§ **Material provided**:
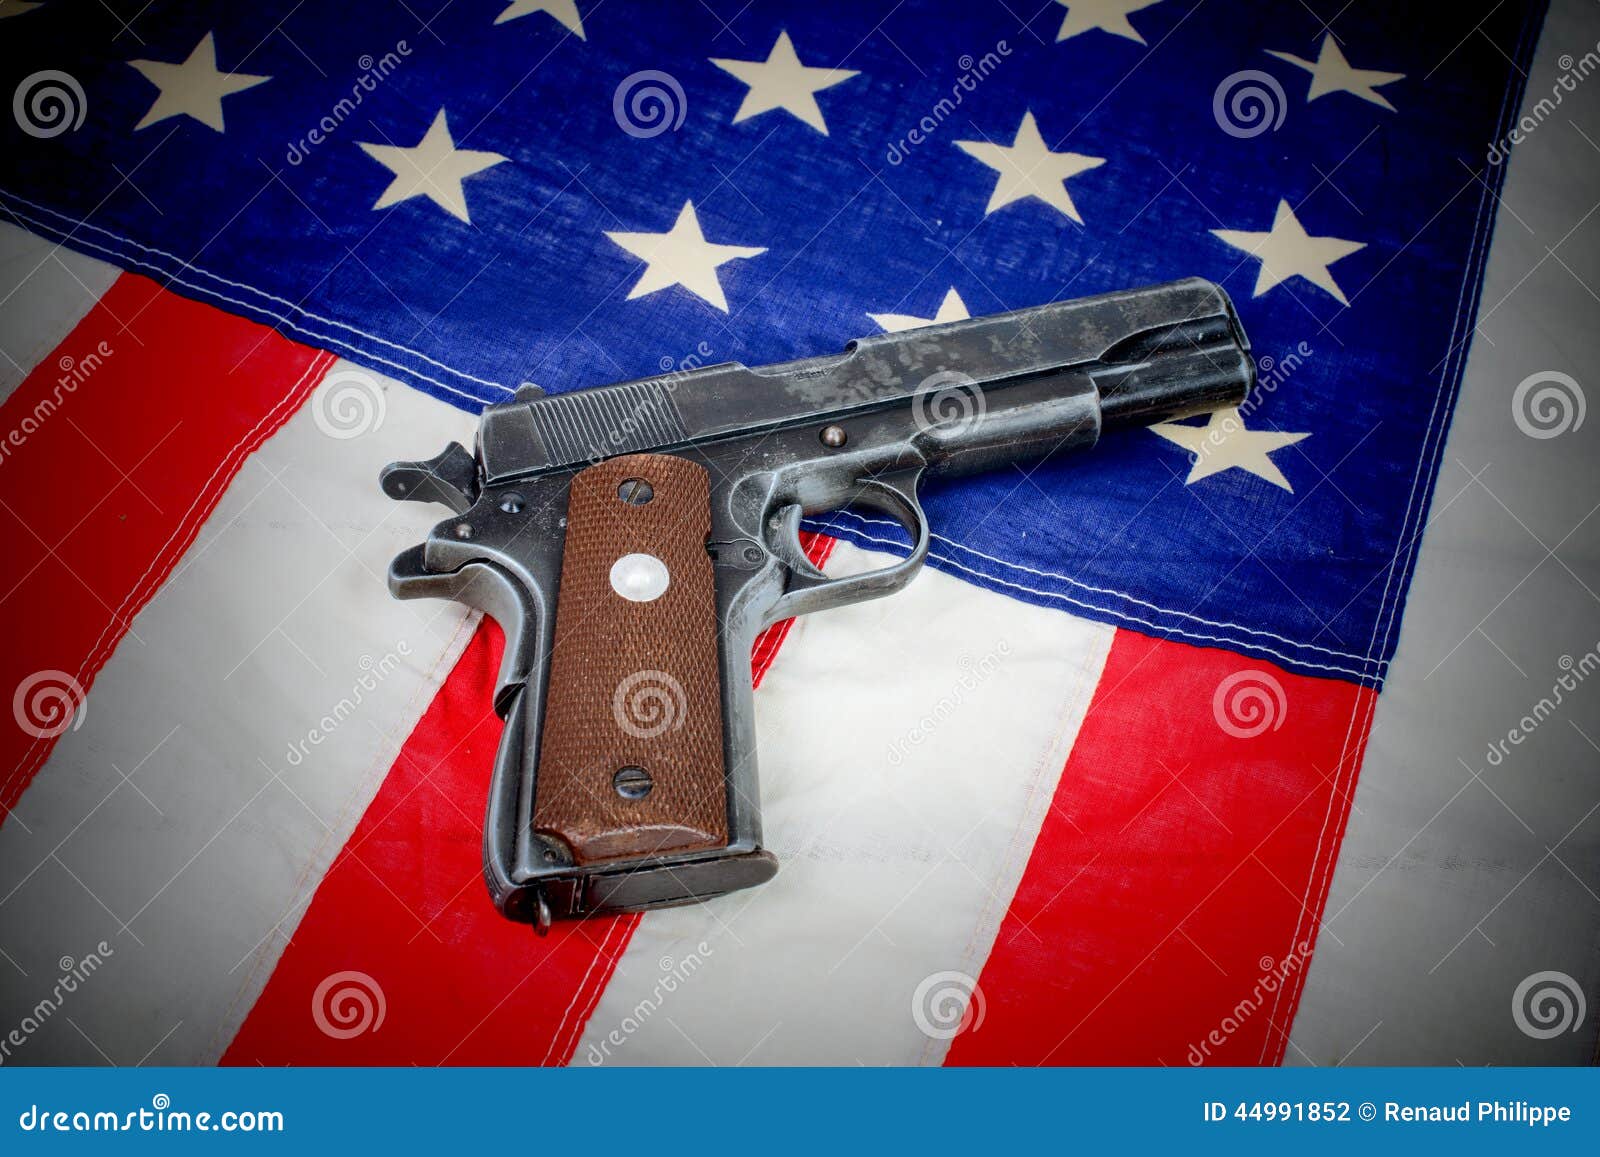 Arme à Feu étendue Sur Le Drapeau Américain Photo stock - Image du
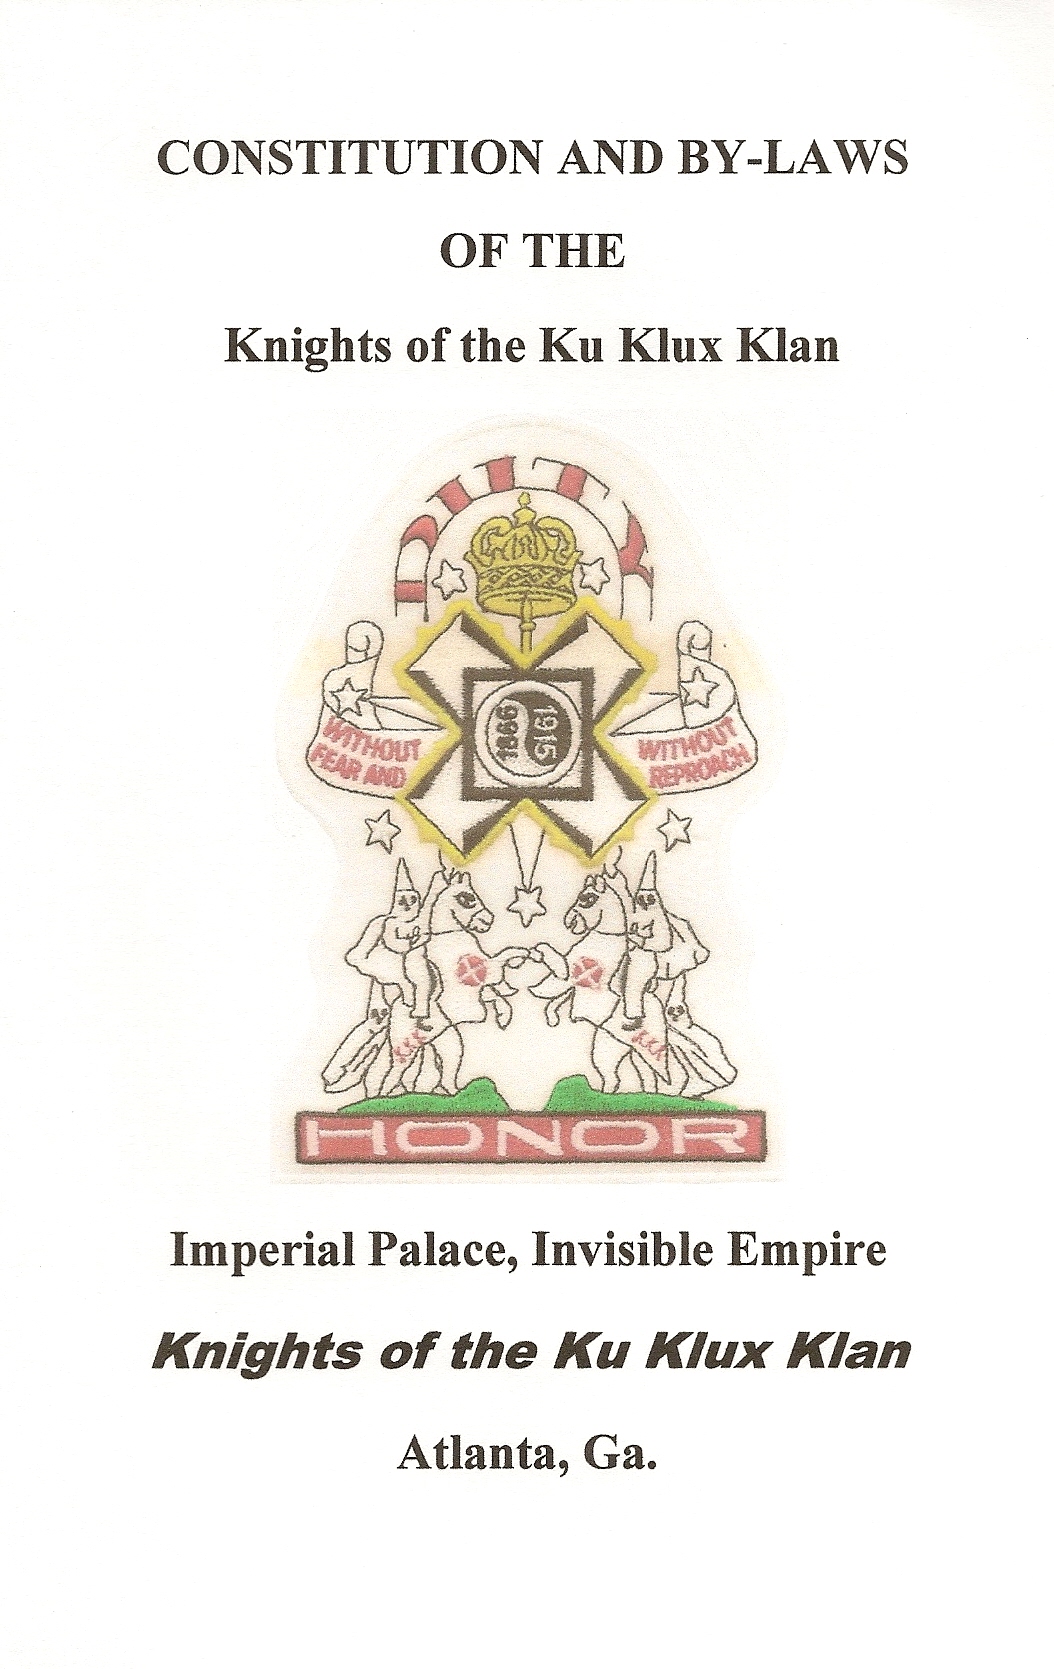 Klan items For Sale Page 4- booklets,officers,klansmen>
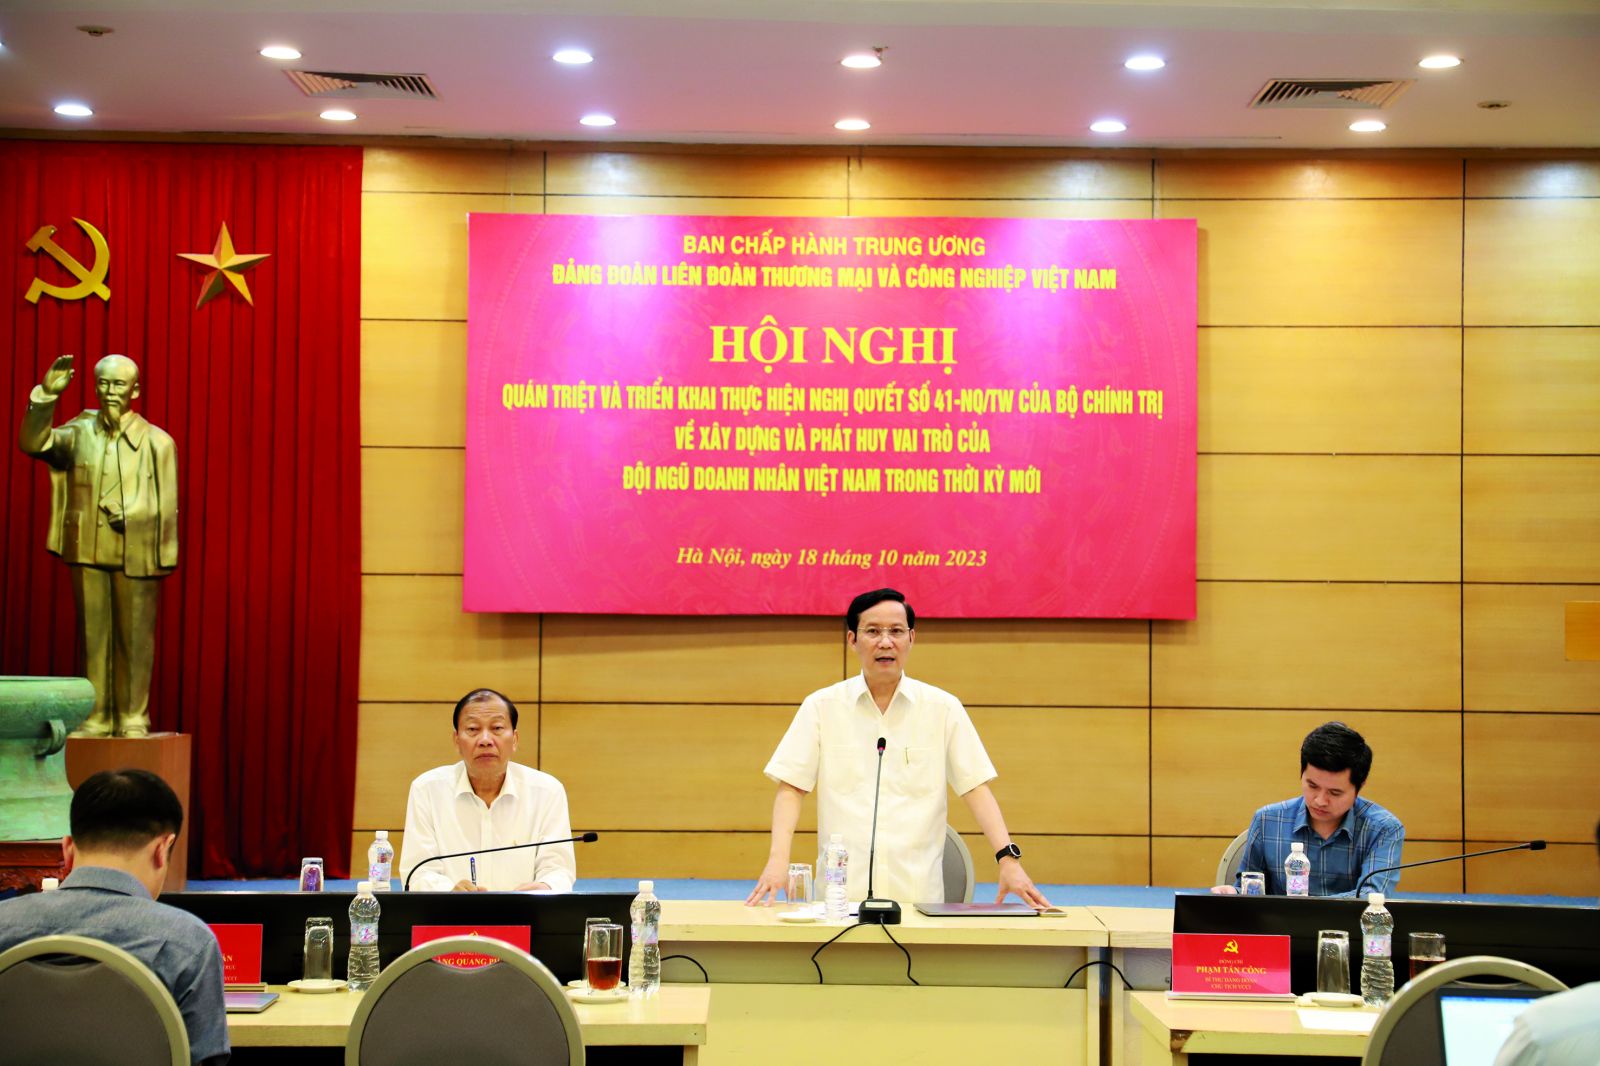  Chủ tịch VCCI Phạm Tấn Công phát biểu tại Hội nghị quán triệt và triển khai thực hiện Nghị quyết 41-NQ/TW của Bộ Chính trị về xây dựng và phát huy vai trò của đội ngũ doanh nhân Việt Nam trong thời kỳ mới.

§ **Aim of the exercise**: Restate exactly, and only, the lines from the one that holds "Klan items For" down to the last line of the material above. Omit the pictures.

§ **Task solution**:
 Klan items For Sale Page 4- booklets,officers,klansmen>
  Chủ tịch VCCI Phạm Tấn Công phát biểu tại Hội nghị quán triệt và triển khai thực hiện Nghị quyết 41-NQ/TW của Bộ Chính trị về xây dựng và phát huy vai trò của đội ngũ doanh nhân Việt Nam trong thời kỳ mới.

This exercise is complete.